For sensitivity issues, I was imaging that a client would optimize sensitivity by scaling their inputs to "fit snuggly" in the 16 bit bit domain, since it seemed like enough bits to express a reasonably large range of values. For clients with e.g. inputs in the smaller range [0, 1023] they would just multiply the input by 64 on the client, and then scale down aggregates later on, and vice versa for clients with input larger than 2^16.

Conceptually, I imagined the input as a real number in the range [0, 1]. The 16 bit integer is just an approximation of that concept which works well with MPC schemes.

This avoided us needing to offer another configuration knob, and the helpers could just deal with all inputs having a fixed sensitivity.

Your points about the range queries make sense to me. I have a quick question: would you be OK with range proofs where the range is non-dynamic based on conversion data? e.g. you could verify the range is in the range of 16 bits, but nothing more specific? I worry adding functionality beyond that may have adverse privacy properties.

henrycg commented 4 years ago

[Whoops... I posted that last comment before I finished writing it. Here is the full thing.]

Hi Andrew and Charlie, I have been working with the folks at Mozilla on their pilot private-aggregation system and I'm also one of the authors on the Prio paper.

Data-poisoning attacks are a concern in Mozilla's deployment as well, so we have spent some time thinking through the different potential defenses against these attacks. It's definitely possible to use traditional zero-knowledge range proofs or two-party computation to sanitize the secret-shared data before operating on it. However, both of these techniques generally require many heavy public-key cryptographic operations either on the client side, the server side, or both.

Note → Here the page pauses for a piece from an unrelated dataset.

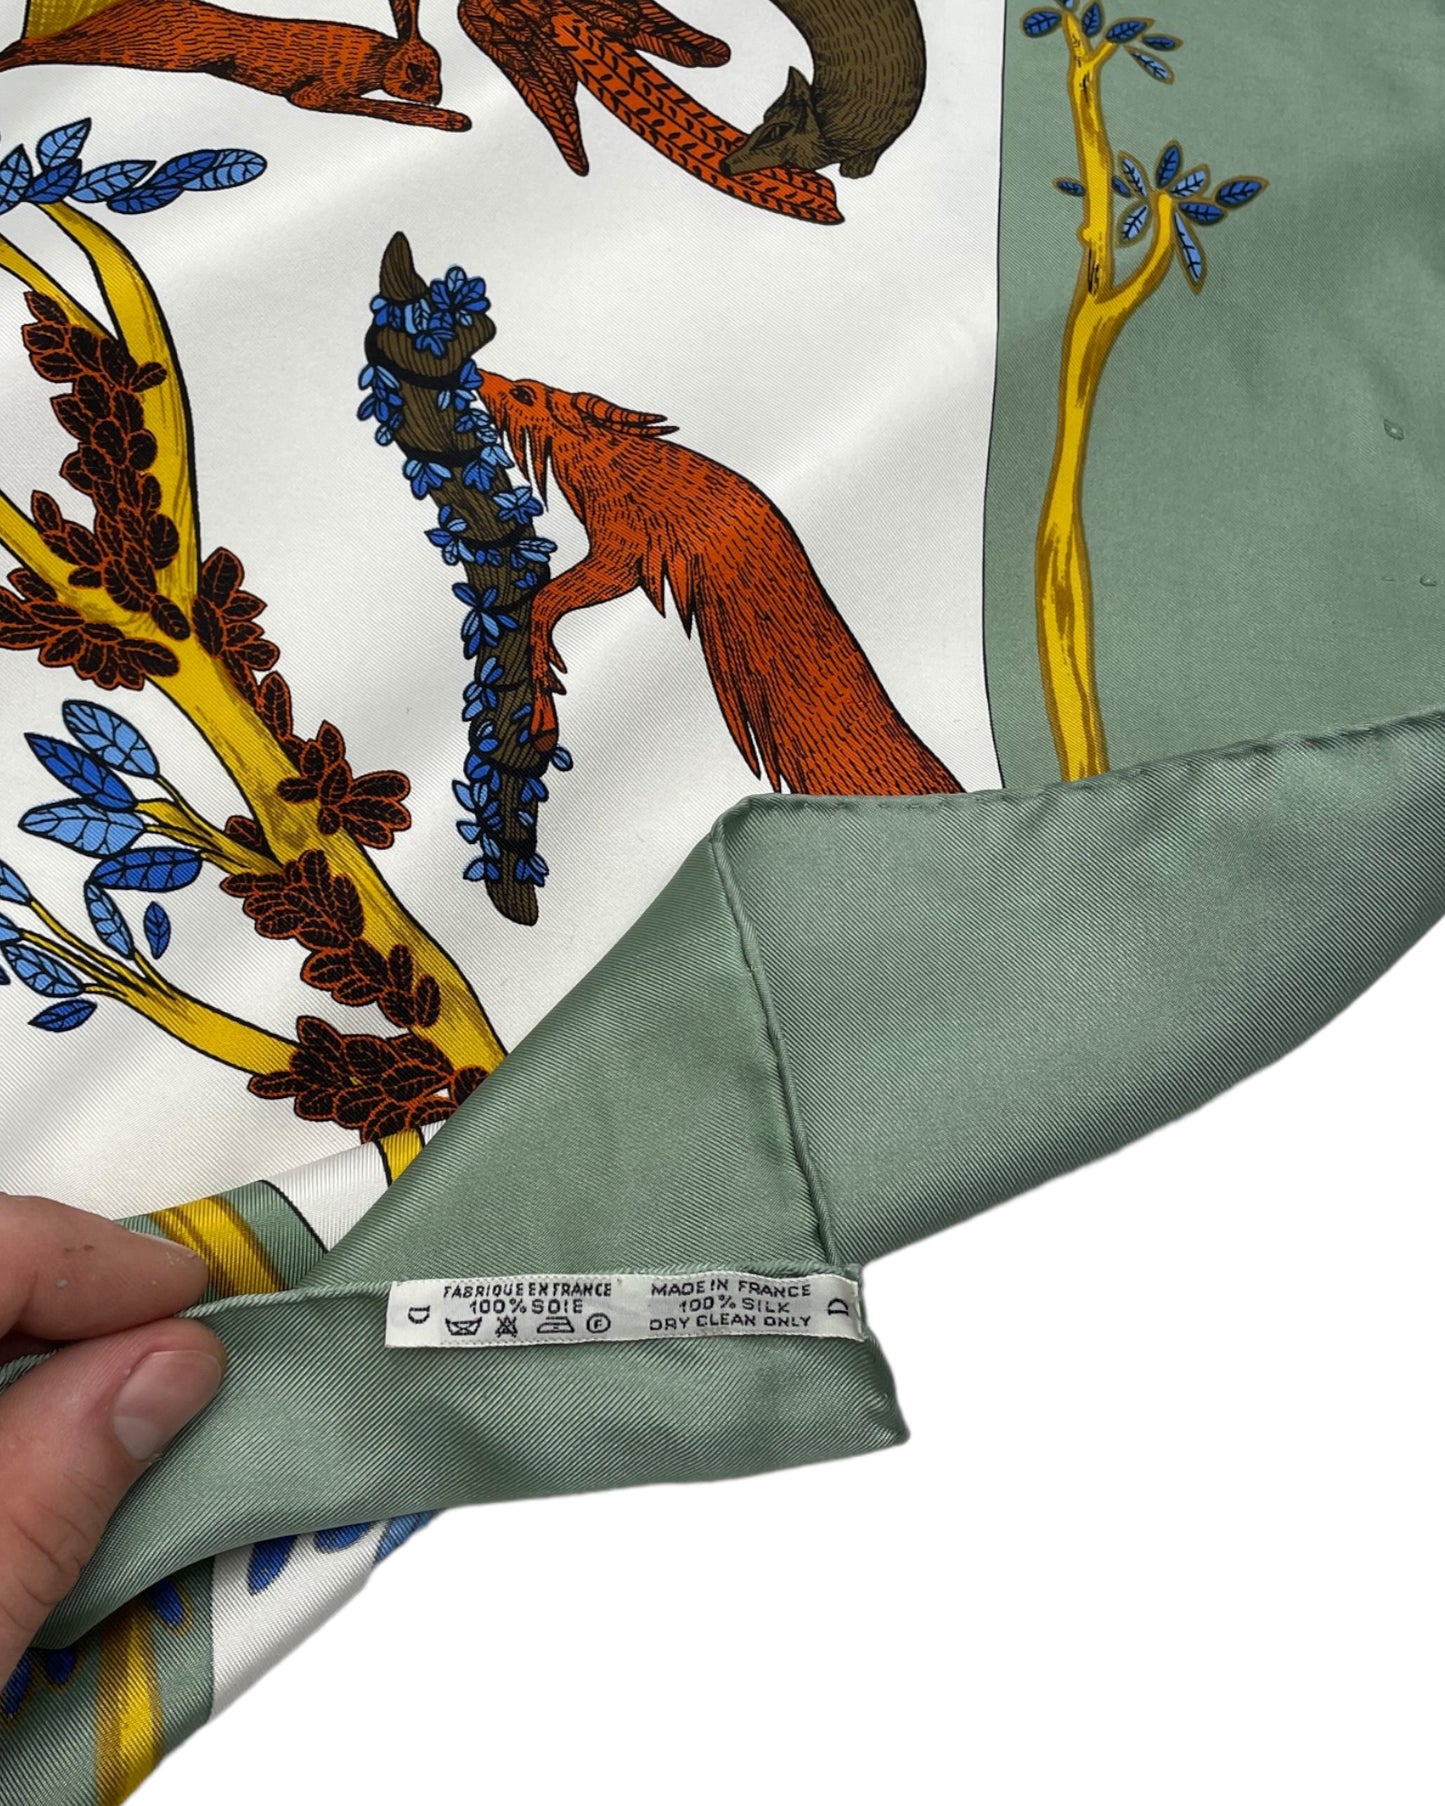 1990s Hermes Woodland Creatures Scarf

Prio's approach ("zero-knowledge proofs on secret-shared data") ends up being much lighter-weight, since it doesn't require any extra public-key cryptographic operations on either the client or the server. As far as I know, in most settings in which there are multiple parties holding secret shares of the data—as here—Prio-style techniques for preventing data-poisoning attacks strictly dominate the other approaches, in terms of communication and computational cost.

We also considered randomized checking to detect these poisoning attacks: you could imagine partitioning the data into k buckets, computing a statistic over each bucket, and then outputting the median of the k statistics. Unfortunately, as Andrew points out, an attacker who can control a few clients (around k) can still completely poison the output. In addition, these approaches tend to reveal extra information (k statistics instead of one), so there are negative implications for privacy as well.

csharrison commented 1 year ago

Closing this old issue as we no longer support an MPC-based backend so these kinds of poisoning attacks are less dangerous. We'll re-open if we ever introduce an MPC backend.